### EXERCISE INSTRUCTIONS:
Take the data below and write it out exactly, except for the pictures.
─── SOURCE MATERIAL
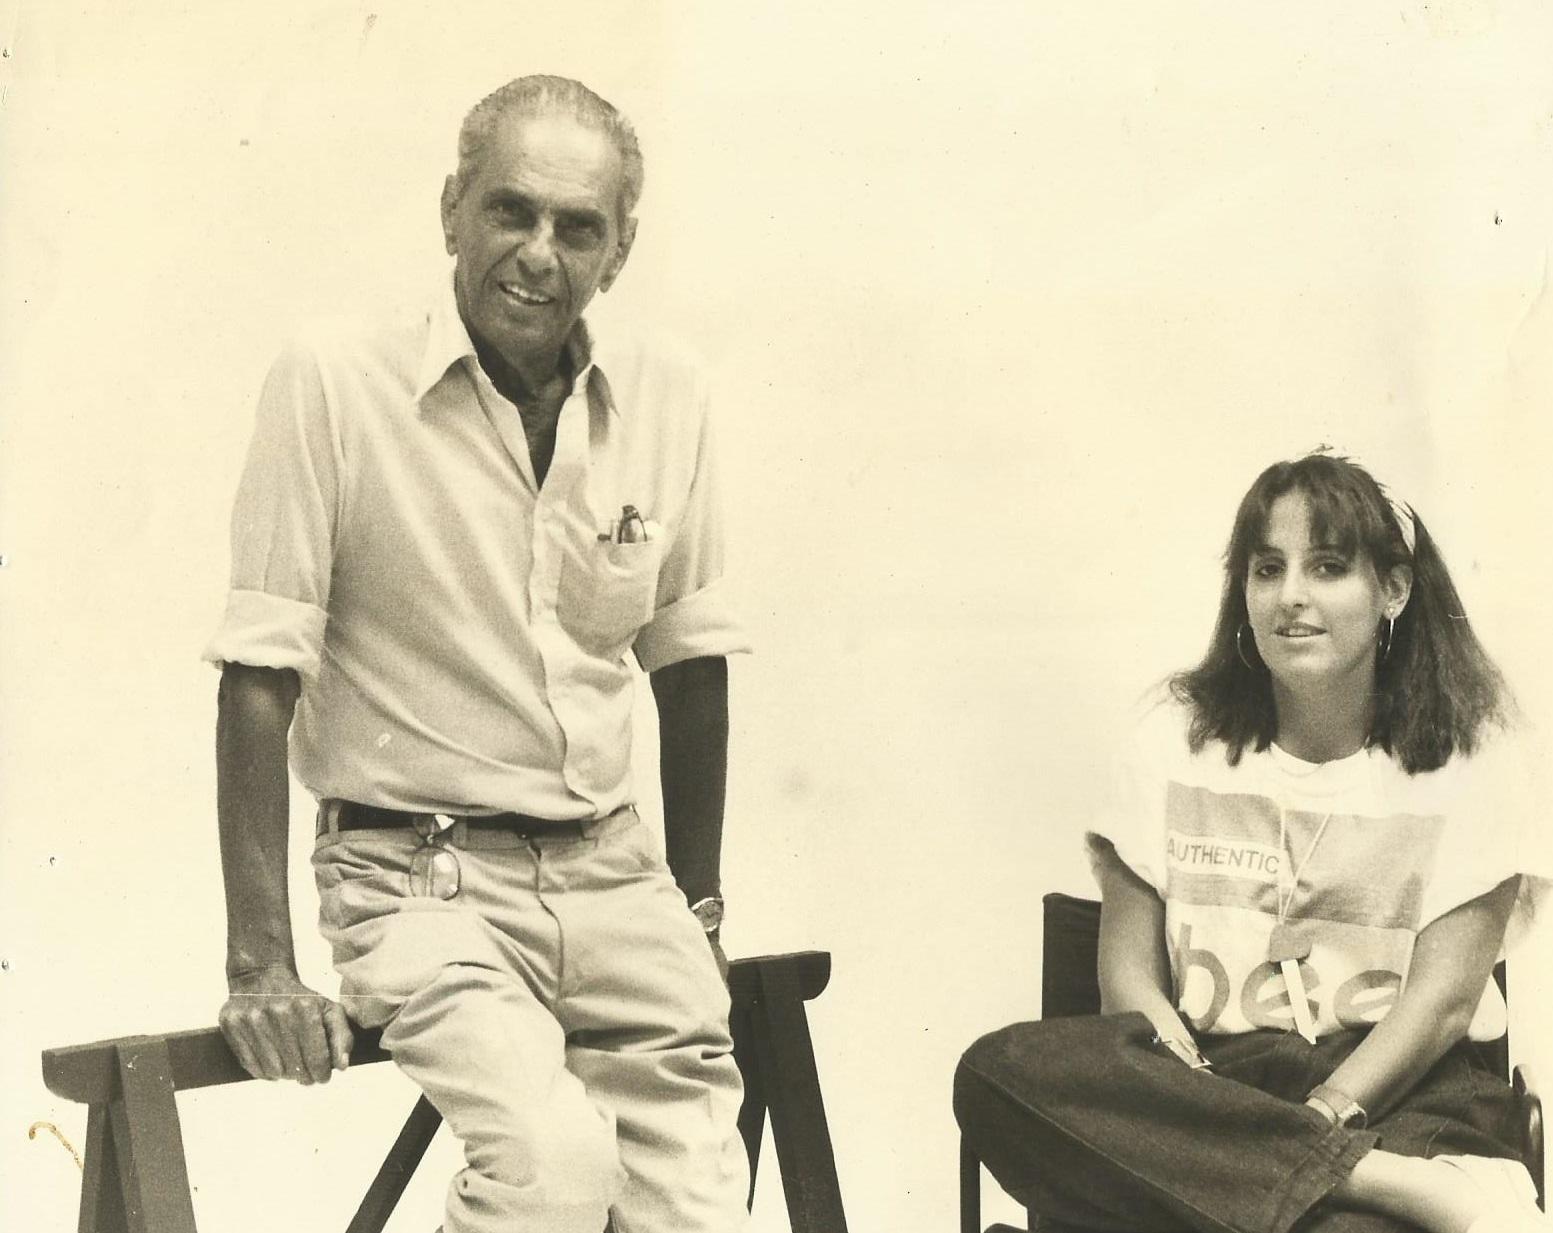 O ícone João Saldanha e Mariucha: jjovem repórter recebeu elogio do veterano (Foto arquivo pessoal)
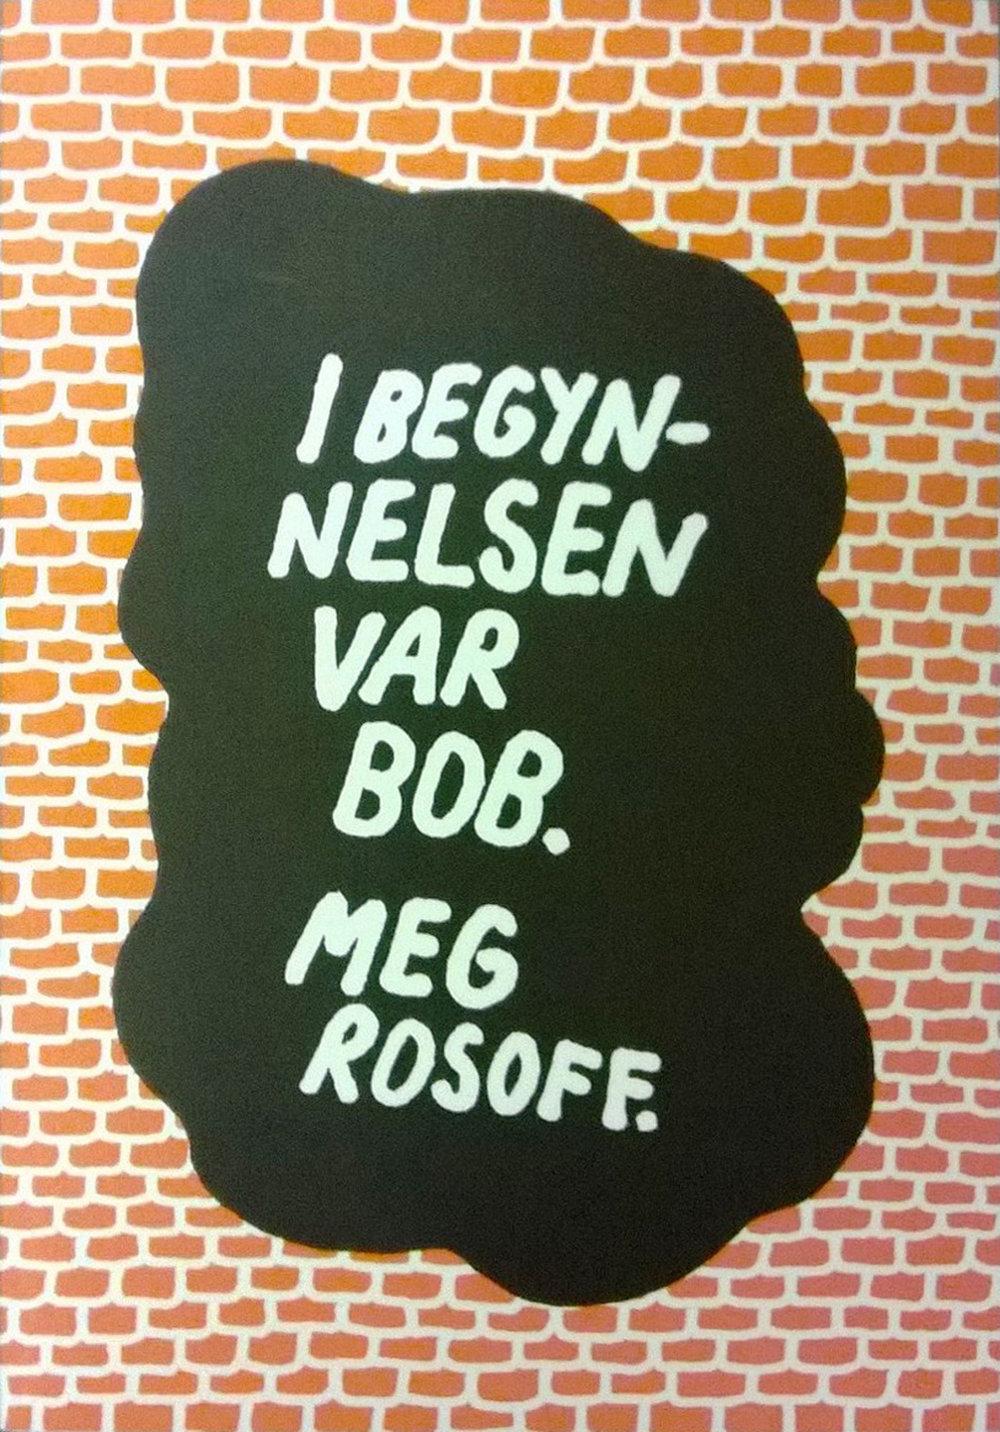 Meg-Rosoff---There-Is-No-Dog---I-Begynnelsen-Var-Bob.jpg
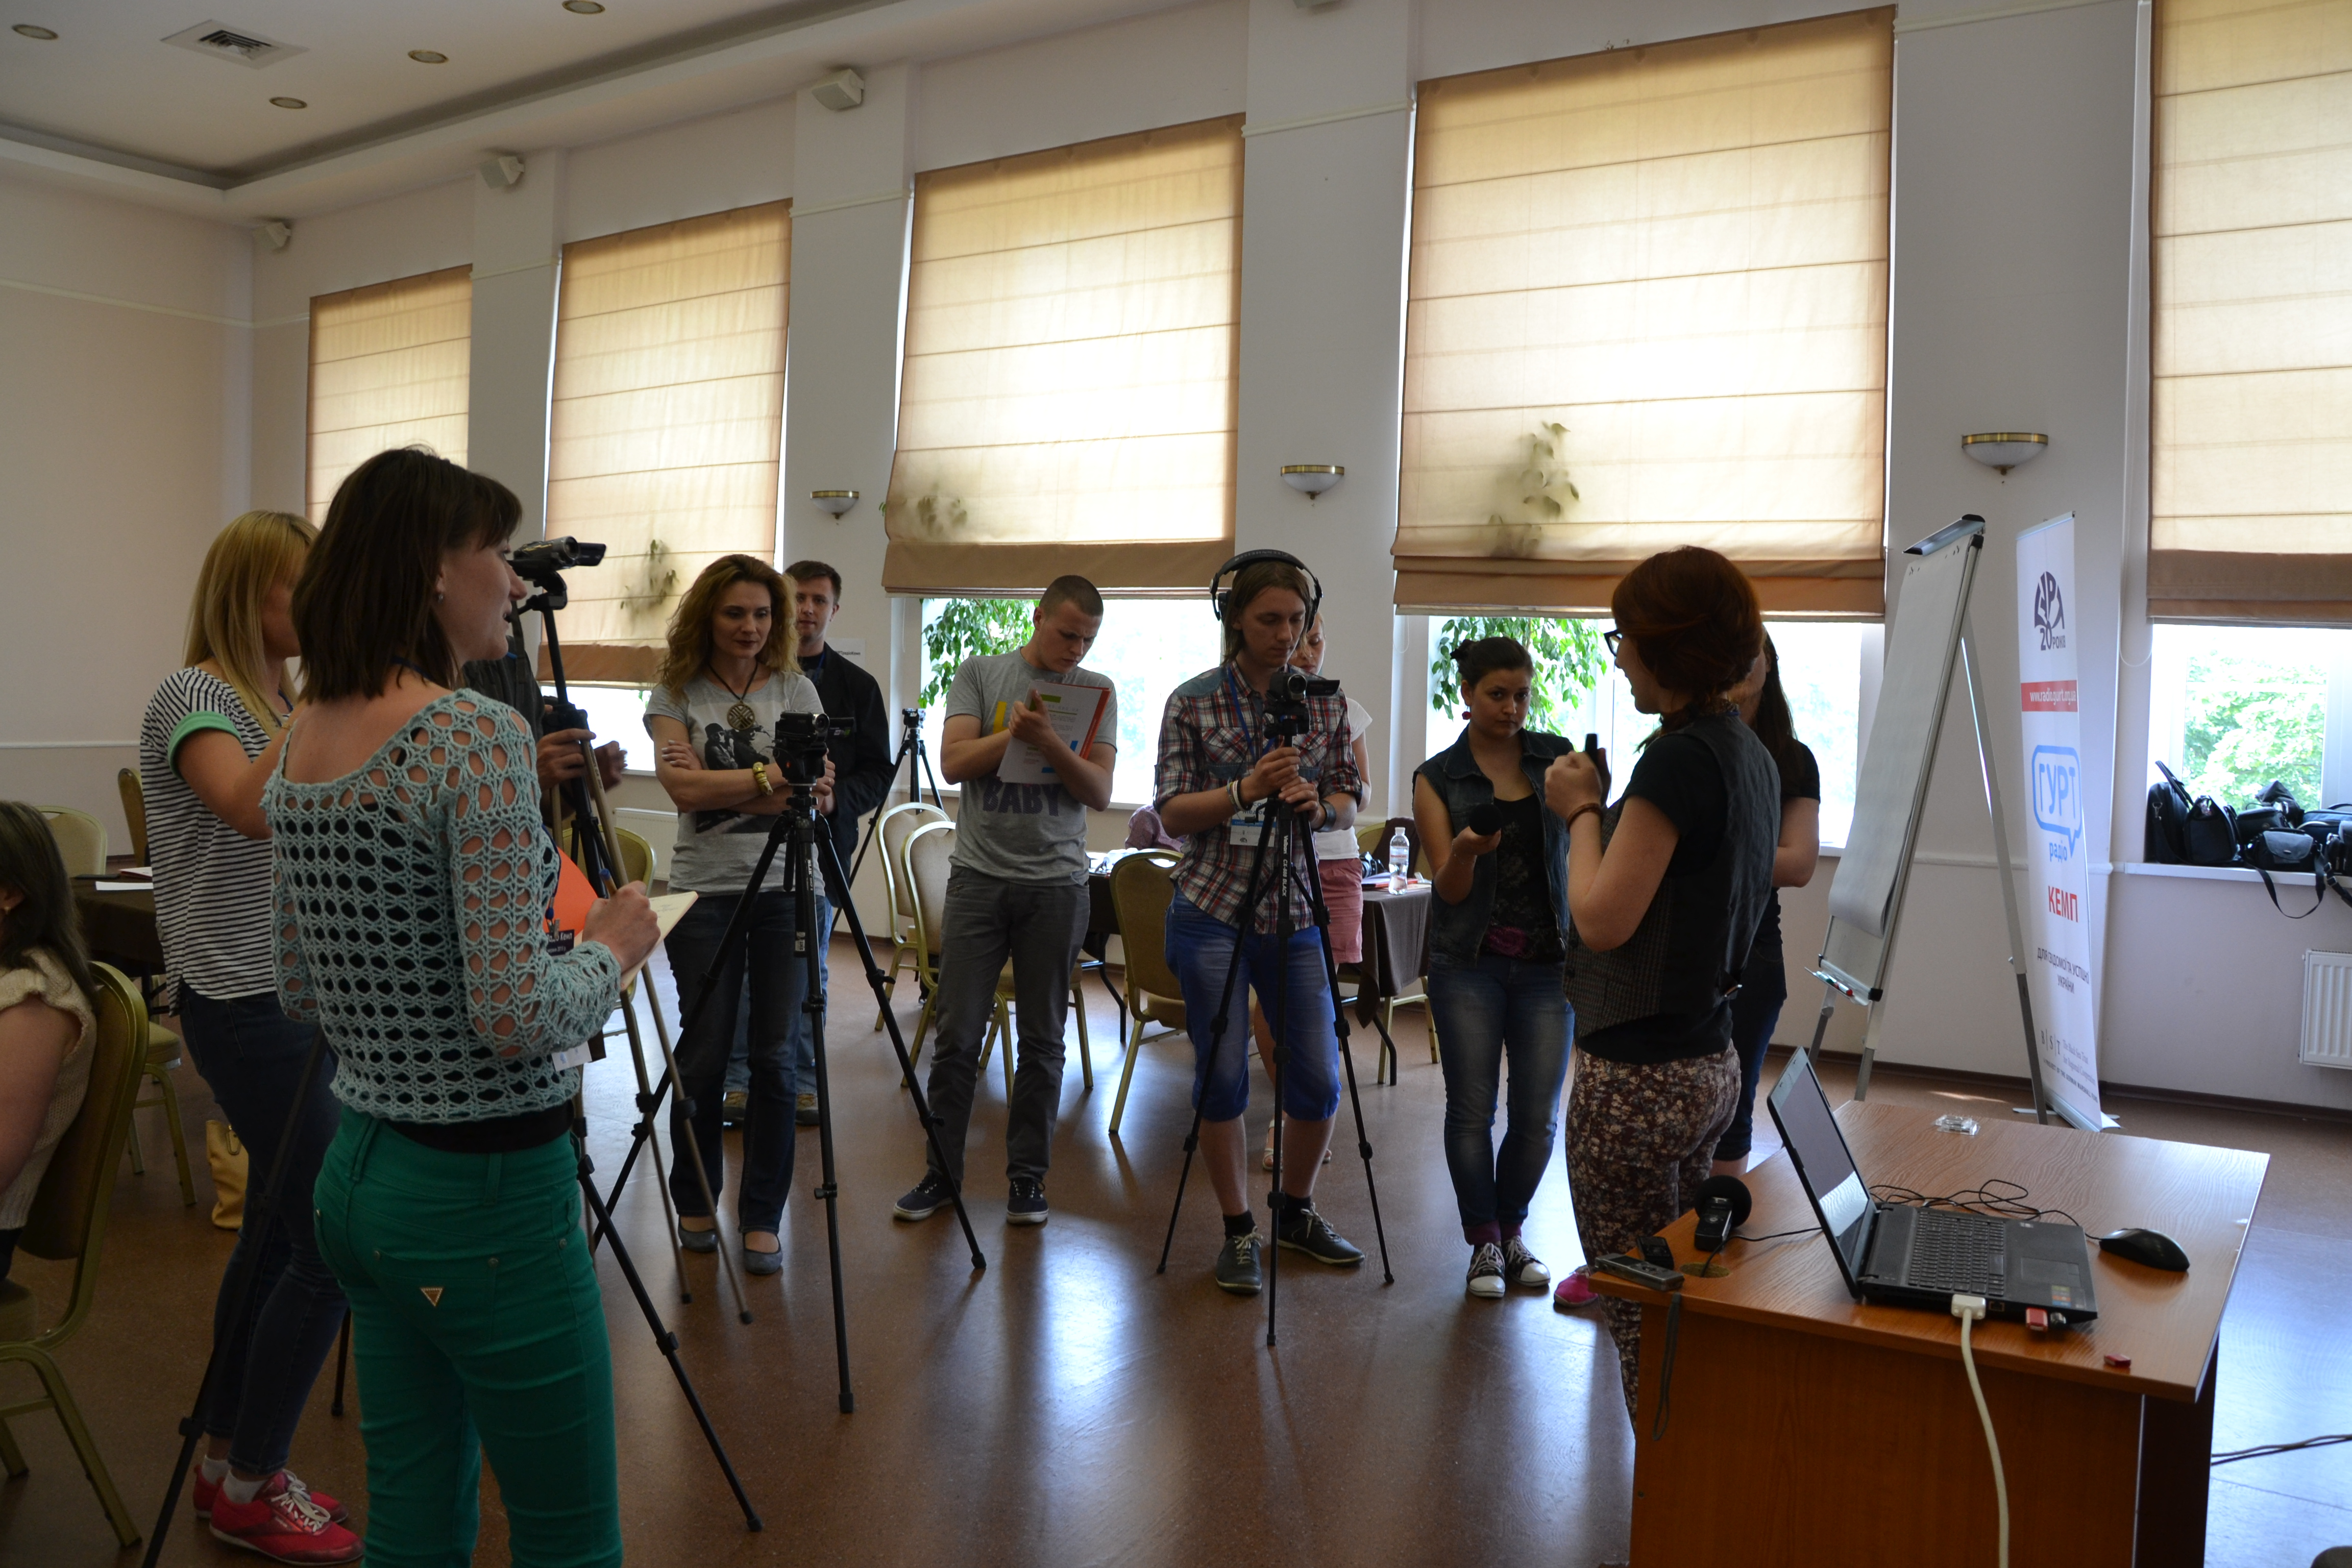 ГУРТ Радіо Кемп: суспільна журналістика
──────
### EXERCISE OUTPUT:
 O ícone João Saldanha e Mariucha: jjovem repórter recebeu elogio do veterano (Foto arquivo pessoal)
 Meg-Rosoff---There-Is-No-Dog---I-Begynnelsen-Var-Bob.jpg
 ГУРТ Радіо Кемп: суспільна журналістика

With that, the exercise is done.